Vielleicht wollte Regisseur Matthias Davids ja verklärende Romantik abstreifen. Das Pariser Leben vom Strich bis zum einsamen Künstlerleben, vollgepumpt mit Drogen, erlebte die Piaf in einzelnen Szenen sicher genauso zäh und mühsam wie das Linzer Publikum. Auch Ansätze von Humor wollen nicht recht landen. Das Dasein des durchaus viel beschäftigten Ensembles dient höchst authentisch ausschließlich dem Ruhm einer immer unerträglicher und gebrechlicher werdenden Person.

Vorkenntnisse der Piaf’schen Biografie helfen beim Verständnis. Unverblümtes Pariser Straßenmilieu zeigt die junge Piaf, wenn sie mit der Freundin plaudernd einen Freier an der Hausecke bedient. Nina Weiss als Toine zeigt den unspektakulären Wandel zur „anständigen Frau“. Den kollektiven Jubel beim Kriegsende übertönt der unsterbliche Gassenhauer „Milord“ samt seinen herzzerreißenden traurigen Brüchen. In tiefstes Rot tunkt die Technik. Auf allen Ebenen versucht das Ensemble dem Taumel zwischen Ektase und Elend gerecht zu werden.

David Arnsberger hat einen Glanzauftritt als lächerlicher Countrysänger, den die Piaf zum Charmeur Yves Montand macht. So unvermittelt wie er plötzlich „O sole mio“ schmettert, gibt Sanne Mieloo als Marlene Dietrich in einer Art Liebesszene ihre Version von Lili Marlen zum Besten. Mit Christian Fröhlich, der als letzter Ehemann Theo Sarapo körperlich fast doppelt so groß wirkt wie sie, singt Piaf ihr einziges Duett.

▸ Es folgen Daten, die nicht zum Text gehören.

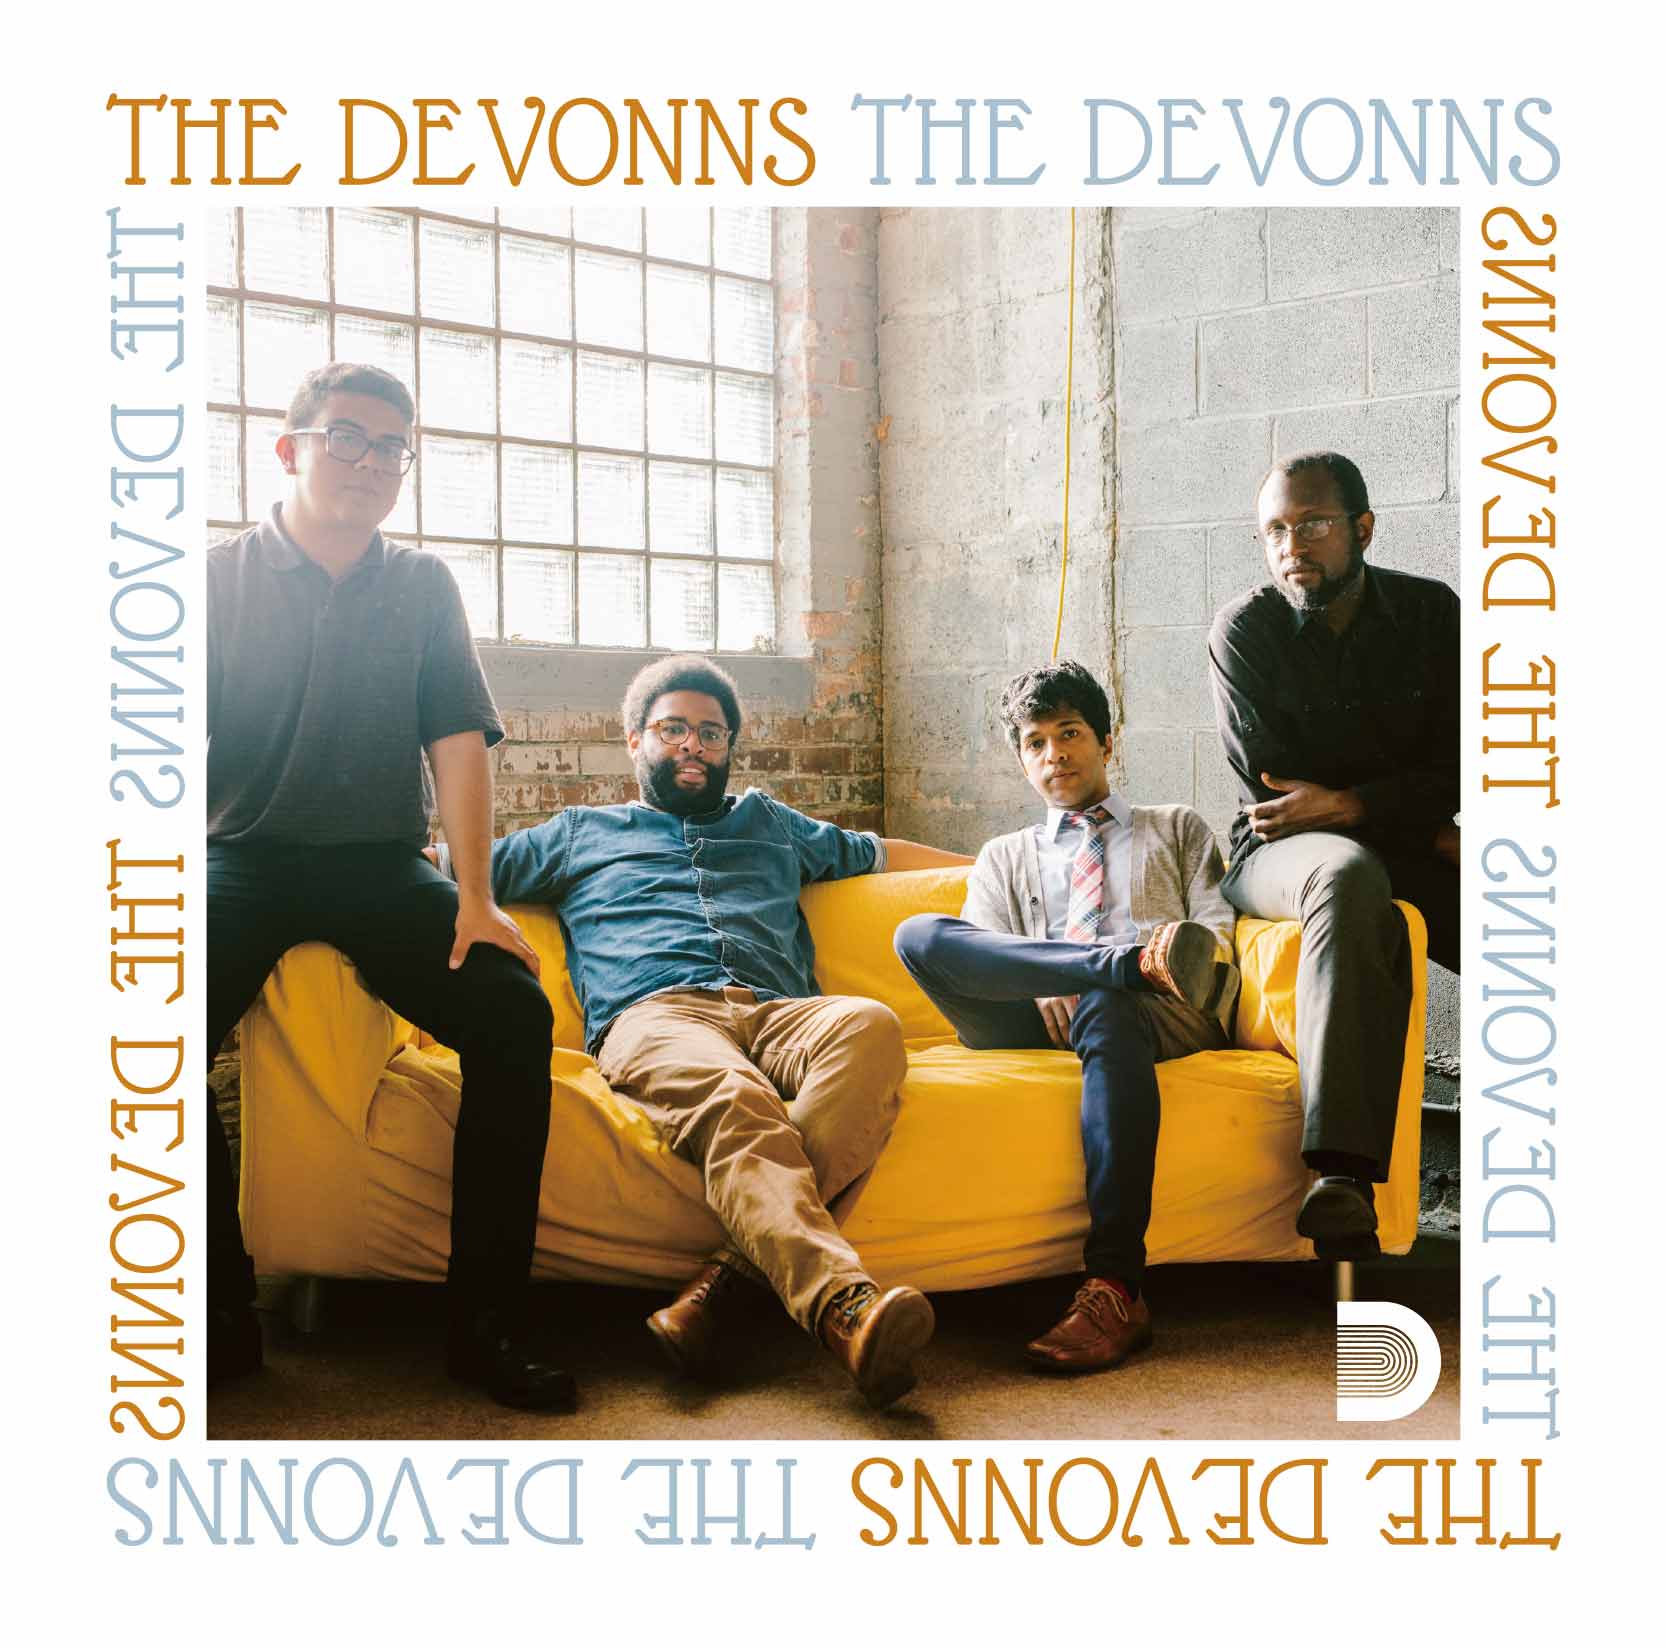 The Devonns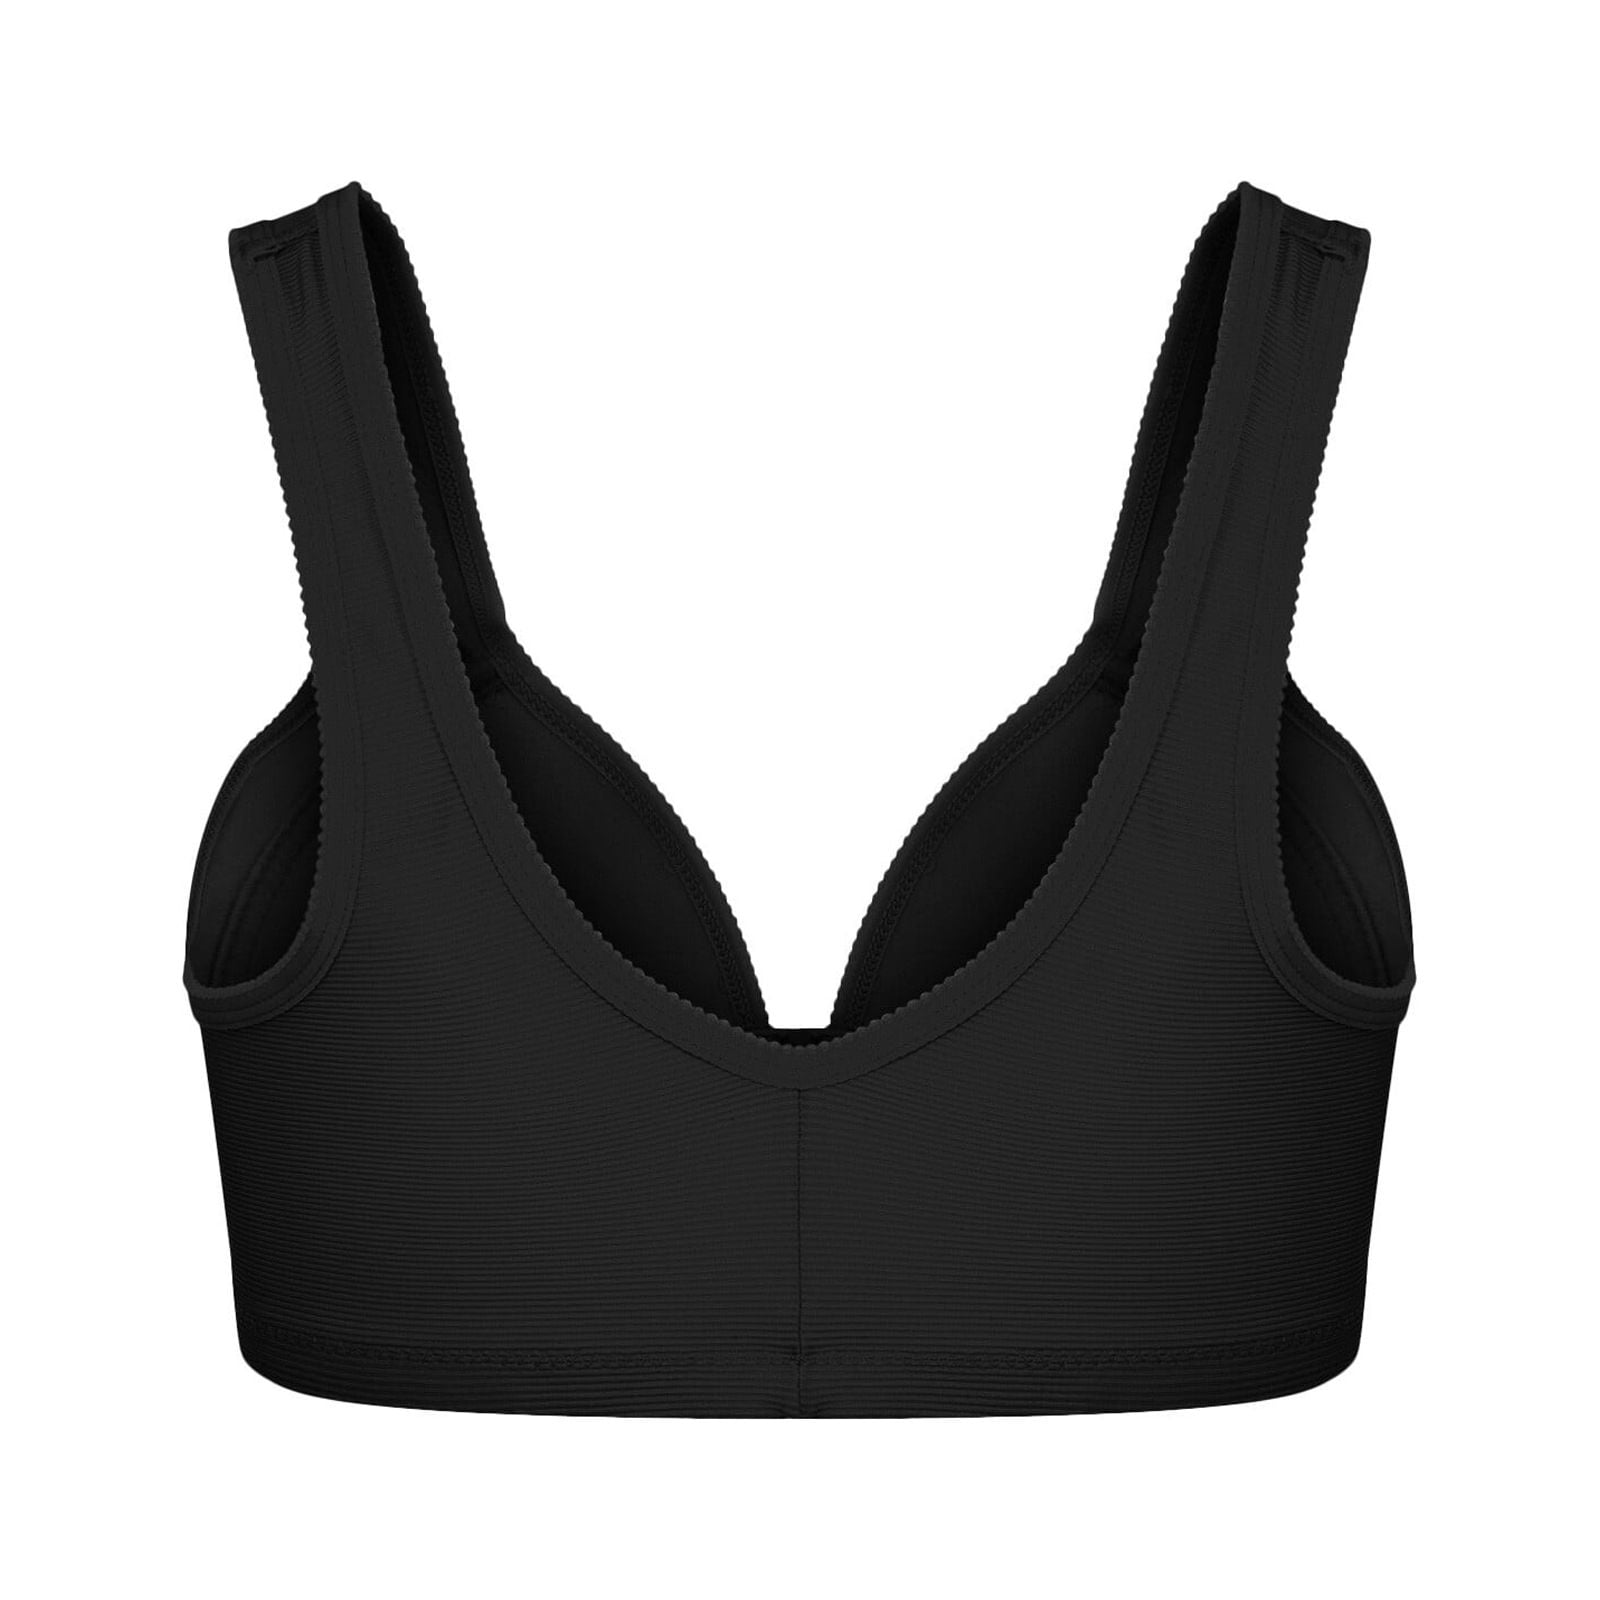 CHGBMOK Bras for Women Comfort Front Close Bra Wirefree Underwear

Daniela Dett wächst über sich hinaus

Im Verfall wächst Daniela Dett über sich hinaus, Stimme und Ausdruck kommen dem Original noch näher, schmächtig wird ihr Körper, Persönlichkeit und Ruhm wachsen zugleich ins Unermessliche mit „La vie en rose“ oder „Mon Dieu“, dabei steht „Non, je ne regrette rien“ noch bevor. Sie singt es posthum, will die Inszenierung. Der lange Applaus gilt allen Schauspielern, für Dett erhebt sich das Publikum.